Comments (8)
Hi @jkroepke,
Kubernetes has a .well-known endpoint + JWKS endpoints.
Perfect, so you can validate Kubernetes without problem.
That a good idea, but not mention in the spec. Other scenarios should be supported as well.
I completly agree with you and if you look at alpha configs
you will see that the maintainers tried to allow other scenarios.
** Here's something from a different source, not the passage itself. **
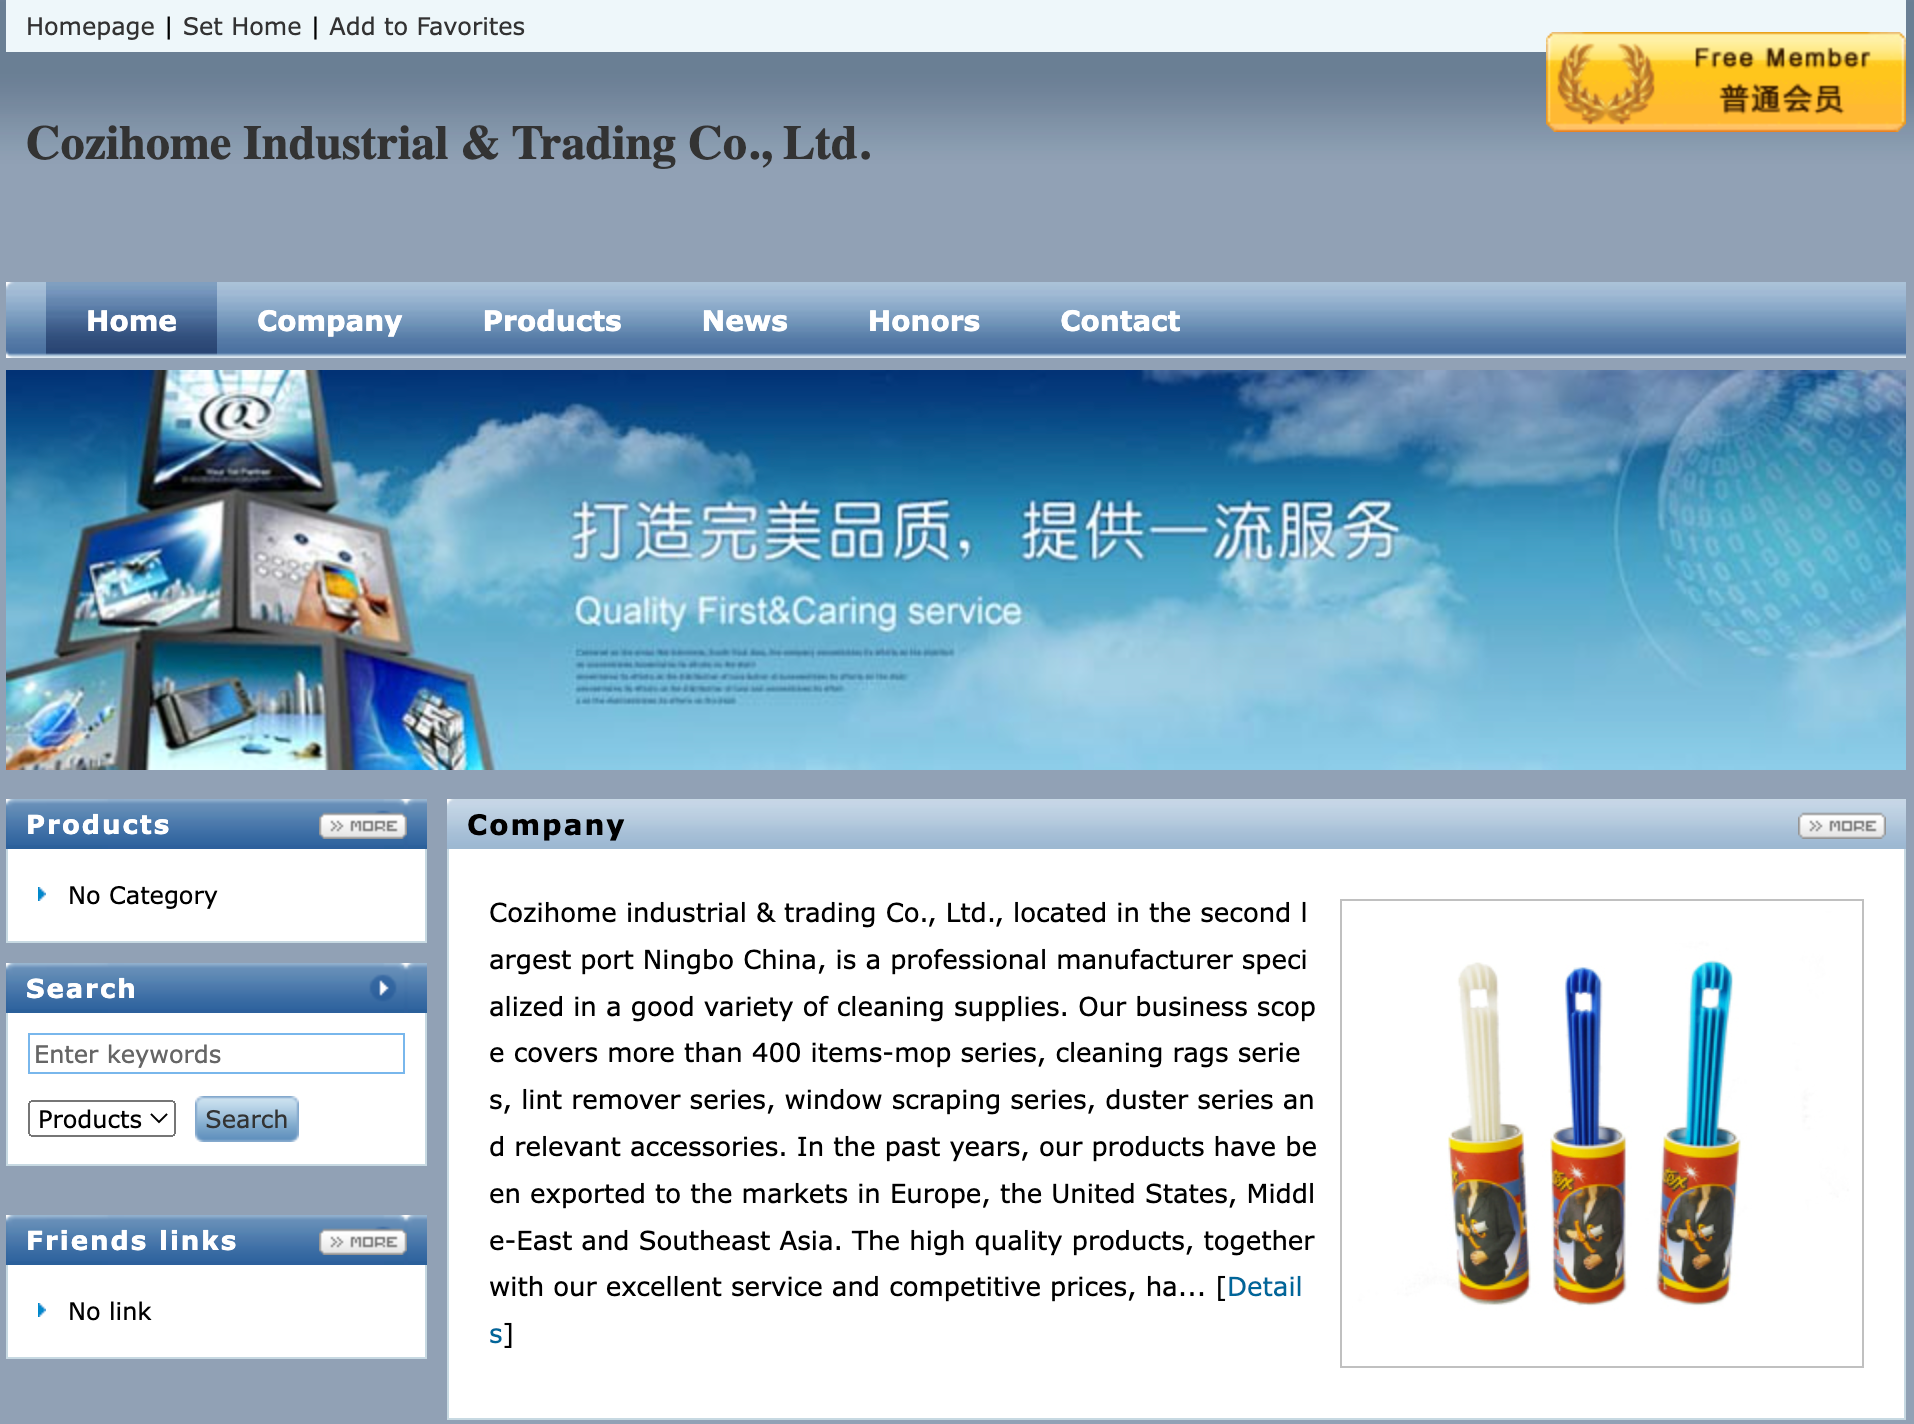 Cozihome Industrial & Trading Co., Ltd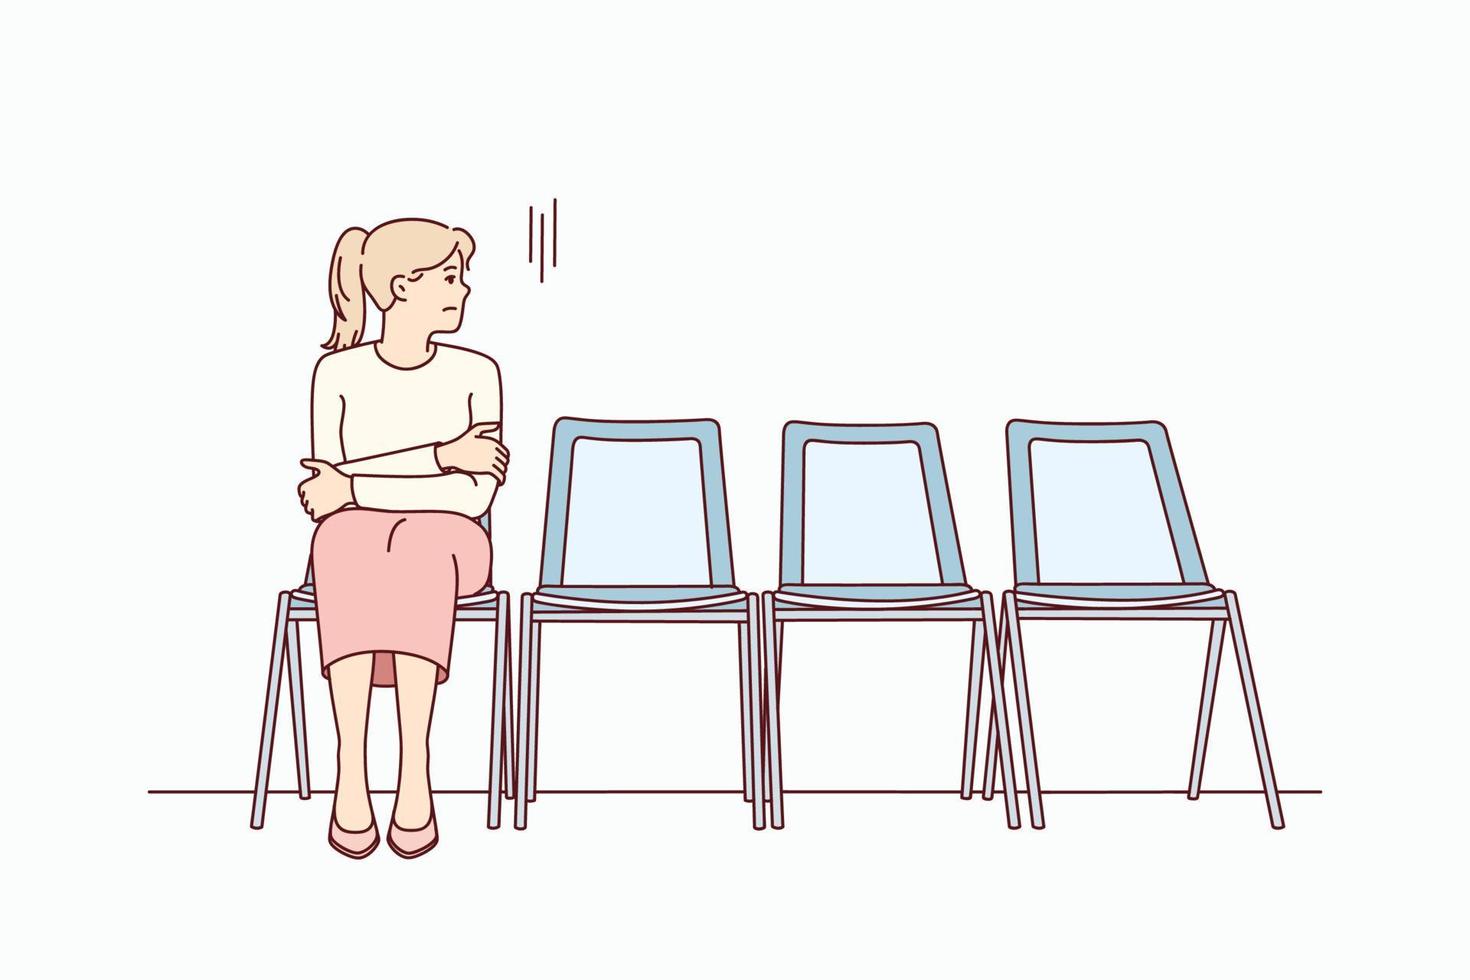 ansioso giovane donna sedersi su sedia nel corridoio in attesa o appuntamento. stressato femmina sentire preoccupato aspettare nel linea nel corridoio. vettore illustrazione.

There is the possibility to change the claim to which oauth2-proxy will try to match the clientId with the optionaudienceClaims
and then, you can add more "audiences" with extraAudiences
but for now, to let the system use extraAudiences you need the old option --skip-jwt-bearer-tokens
set to true ( I expect that you already set this option to true ).
So in these way you can can validate the sub
claim if you want.
But there are one big problems with alpha configs
now:
You can't have more than one provider active at the same time, and so there is no way to validate tokens from two or more issuers at the same time.
(I hope that some PR will be merged about this soon, because by my opinion this is a big usability issue)
You will still have the "clientID" problem, but if you want to use oauth2-proxy only as resource-server + reverse-proxy it's just a naming problem.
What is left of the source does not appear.